Another approach to prove that the Galois group is not abelian could be the following :
In order to simplify the group let's remember that $\mathbb{Q}(\zeta_{5}+\zeta_{5}^{-1}) = \mathbb{Q}(\sqrt5)$
After doing so we could also notice that $\mathbb{Q}(\sqrt5) \subset \mathbb{Q}(5^{\frac{1}{10}})$ since $(5^{\frac{1}{10}})^{5} = \sqrt5$,
This simplifies the expresion of splitting field, because know the splitting field $K$ can be seen as $K = \mathbb{Q}(5^{\frac{1}{5}},\zeta_{5})$, splitting field of $t^5-5$, irreducible over $\mathbb{Q}$ due to Eisenstein's criterion.
It's an other well know result that if $m = [\mathbb{Q}(\alpha) : \mathbb{Q}], n = [\mathbb{Q}(\beta):\mathbb{Q}] \hspace{0.1cm}$ $m,n \in \mathbb{N}$ such that $gcd(m,n) = 1$ then $[\mathbb{Q}(\alpha,\beta) : \mathbb{Q}] = mn$
Since in our case $[\mathbb{Q}(5^{\frac{1}{5}}) : \mathbb{Q}] = 5$ and $[\mathbb{Q}(\zeta_{5}) : \mathbb{Q}] = 4$ we can conclude that $[K: \mathbb{Q}] = 20$.
Now we know that the Galois group is a group of order $20$, which embeds into $S_{5}$ (Since the polynomial $t^{5}-5$ is irreducible over $\mathbb{Q}$ and the Galois group permutes the roots transitively, which give us the action on the set of the roots needed).
In order to continue and represent our group fairly explicitly all we have to do is to notice from the Fundamental theorem of Galois that since the Galois group of $\mathbb{Q}(\zeta_{5})$ over $\mathbb{Q}$ is the splitting field of a separable polynomial, $t^5-1 \in \mathbb{Q}[t]$, we have that the Galois group of $\mathbb{Q}(\zeta_{5})$ over $\mathbb{Q}$ is a normal subgroup of Gal($K/ \mathbb{Q})$.
If we look at the index of this subgroup, it follows that it has index $4$, which means order 5, due to this knowledge it must be a $5$-Sylow $P$ of $G= $ Gal$(K/\mathbb{Q})$.
(And it will be the only $5$-Sylow due to normality)
Since we embedded $G$ into $S_{5}$ it follows that $P$ is a $5$-Sylow of $S_{5}$.
Since we found a group, i.e. $G$, where a $5$-Sylow is normal, it follows by defintion of $N_{S_{5}}$ := Normalizer that $G \subset N_{S_{5}}(P)$, but looking at the cardinality, we can afirm that they are equal.

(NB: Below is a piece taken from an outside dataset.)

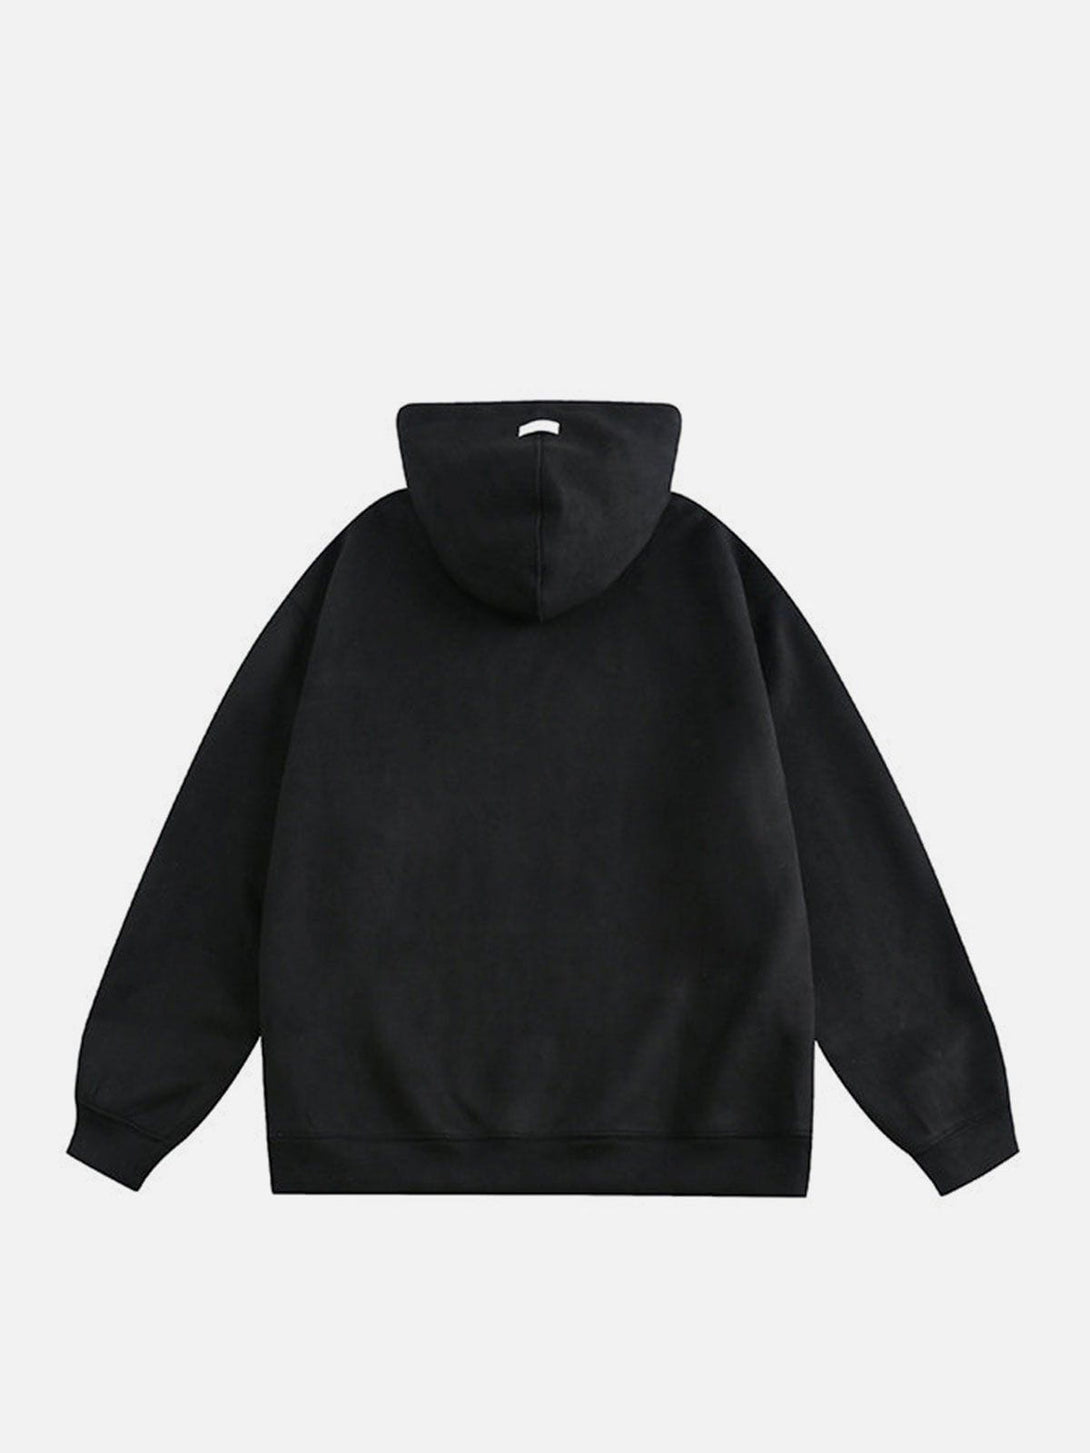 Levefly - Letter Print Solid Hoodie - Streetwear Fashion - levefly.com

We've discover that coincide with of the normalizer of a $5$-sylow in $S_{5}$.
You can easily show with this that such a group is isomorphic to $\mathbb{Z}_{5}\rtimes_{\phi} \mathbb{Z}_{4}$, where $\phi$ is a non trivial homomorphism which will show that the group is certainly not abelian.
Hope you could take it from here.